STORED DATA:
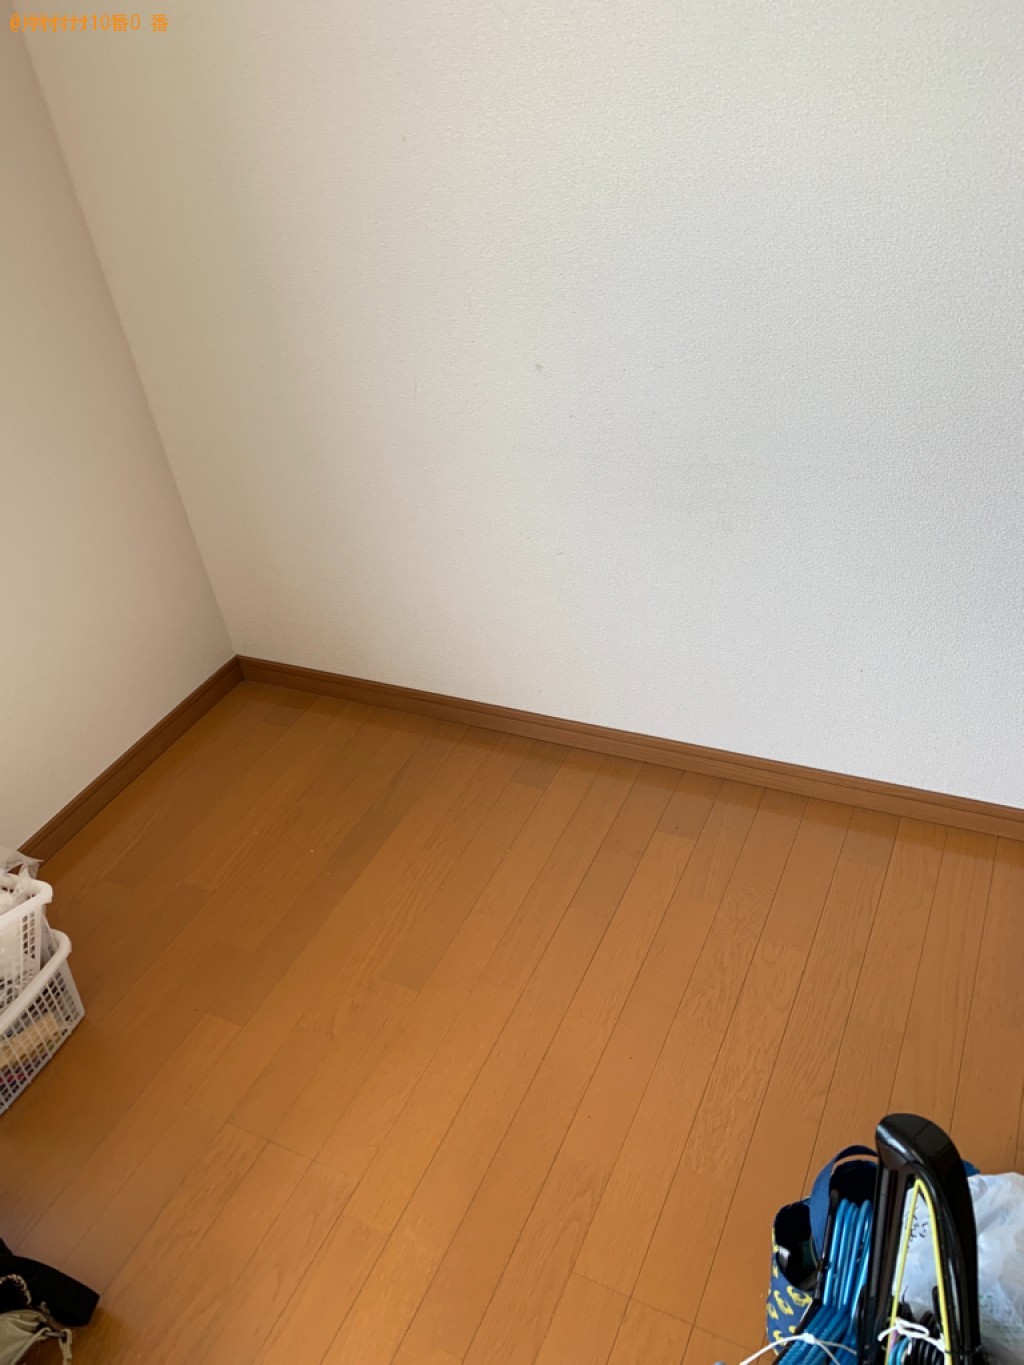 【鳥取市湖山町】家具・家電などの出張不用品回収・処分ご依頼
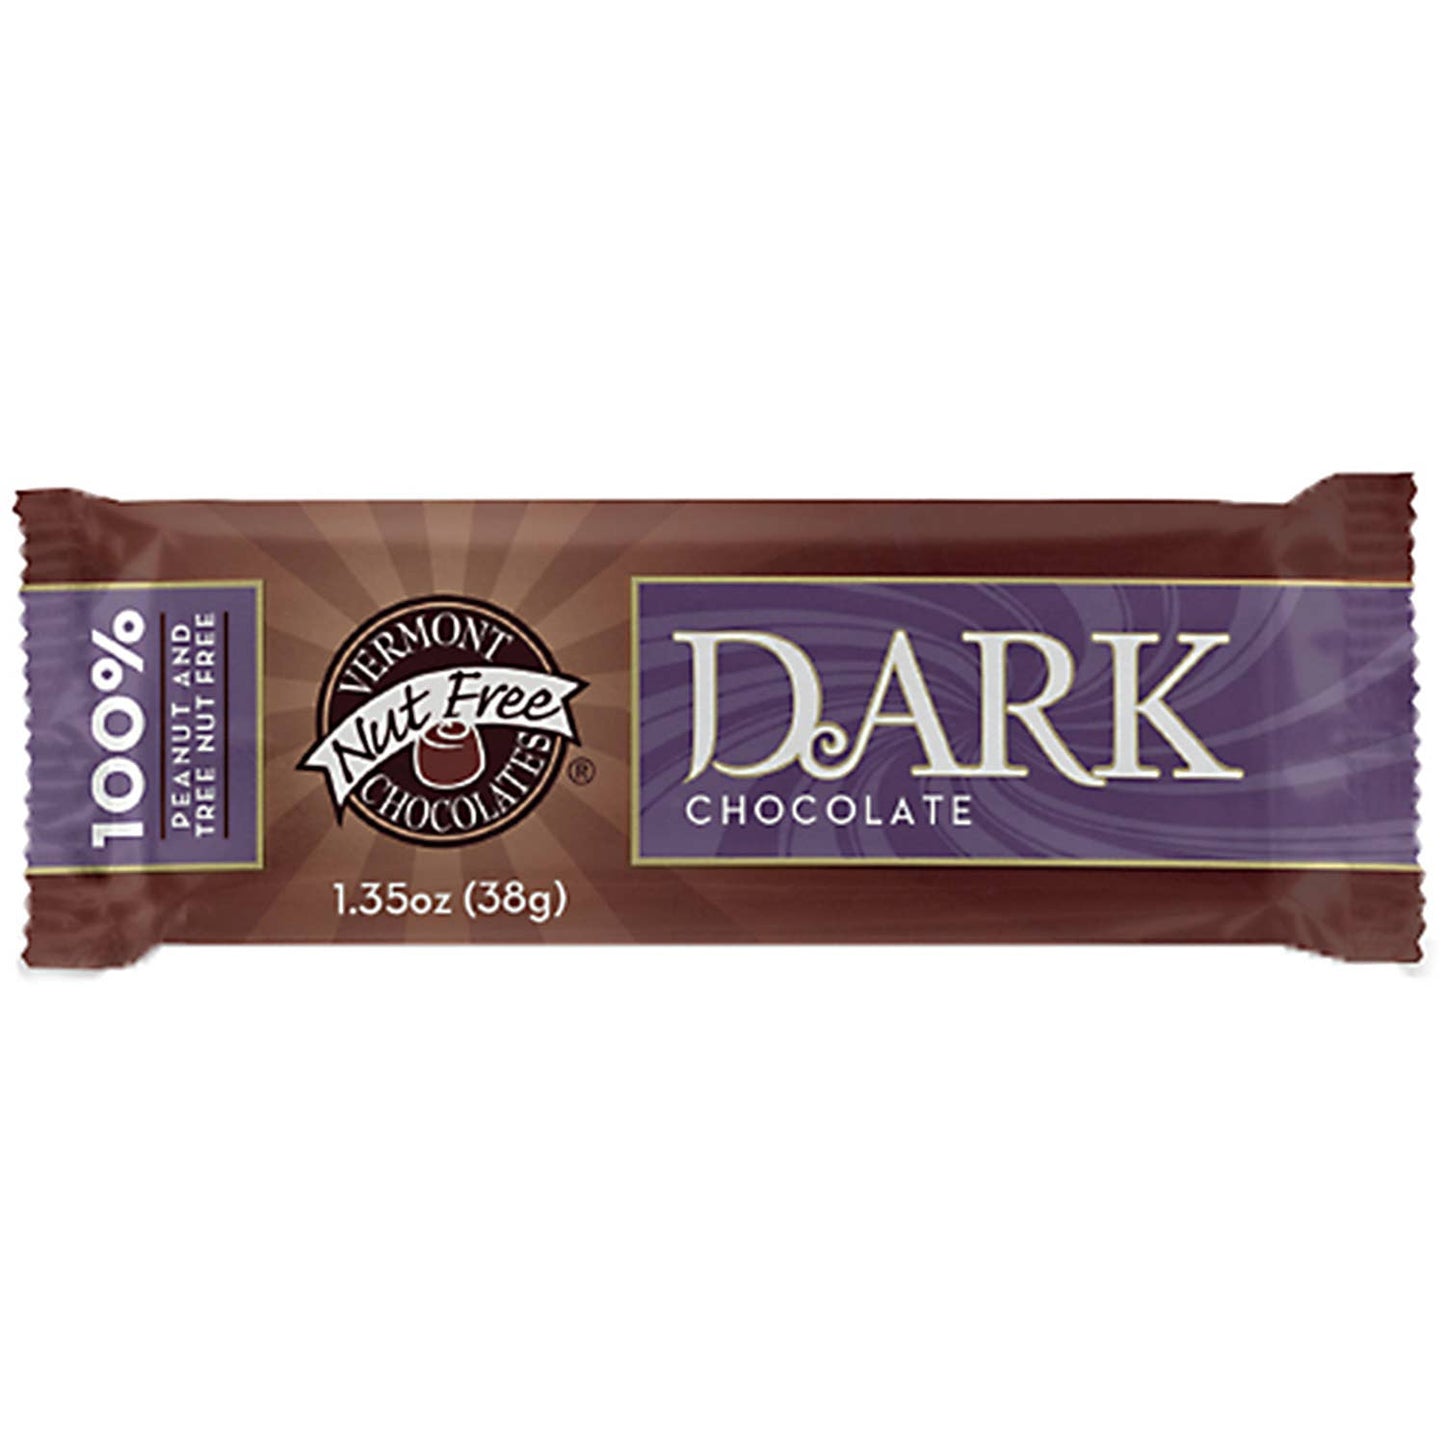 Vermont Nut-Free - Dark Chocolate Bar
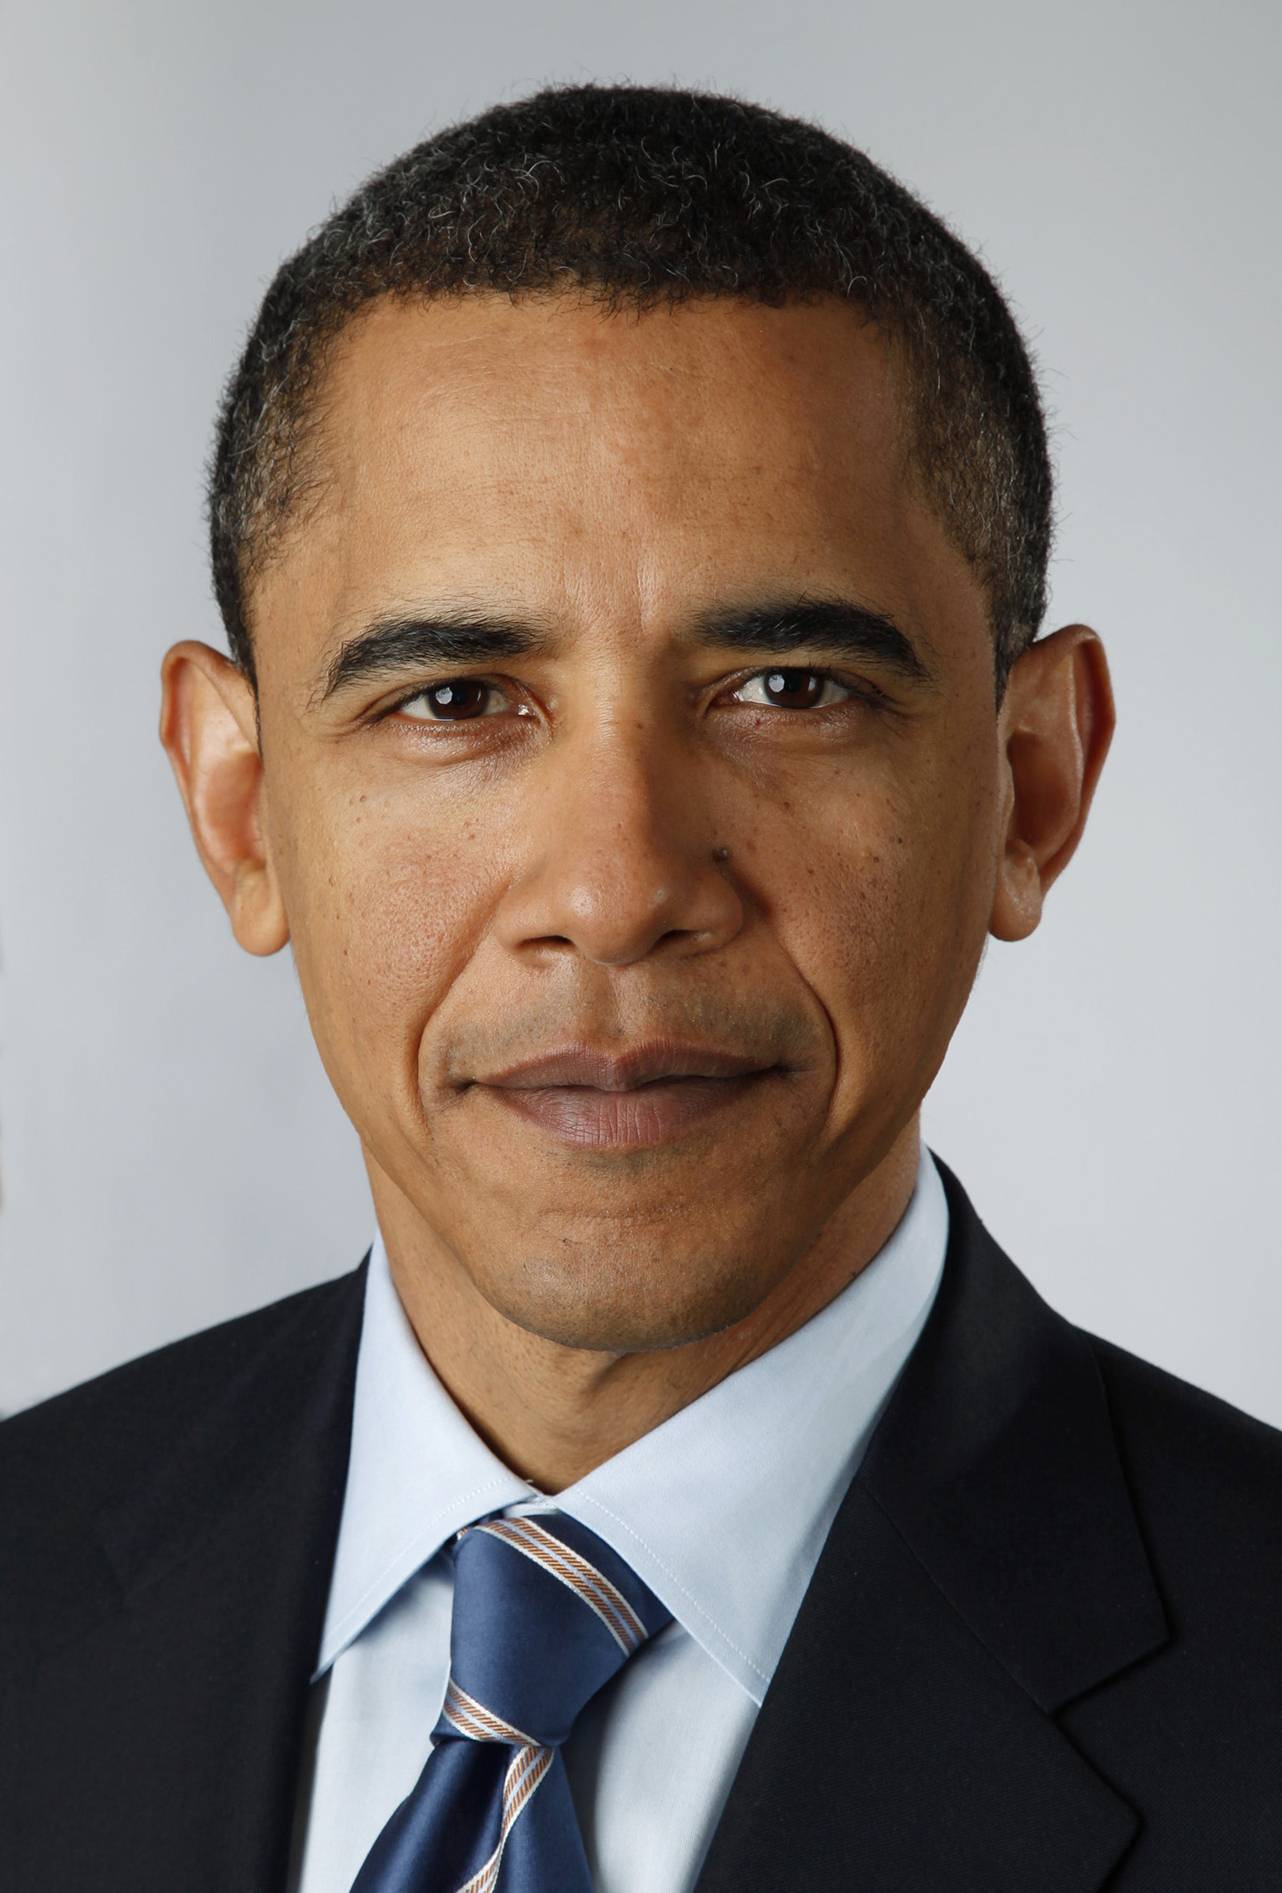 Official_portrait_of_Barack_Obama-2.jpg

YOUR TASK:
Copy the listing verbatim, omitting images.

TASK ANSWER:
 【鳥取市湖山町】家具・家電などの出張不用品回収・処分ご依頼
 Vermont Nut-Free - Dark Chocolate Bar
 Official_portrait_of_Barack_Obama-2.jpg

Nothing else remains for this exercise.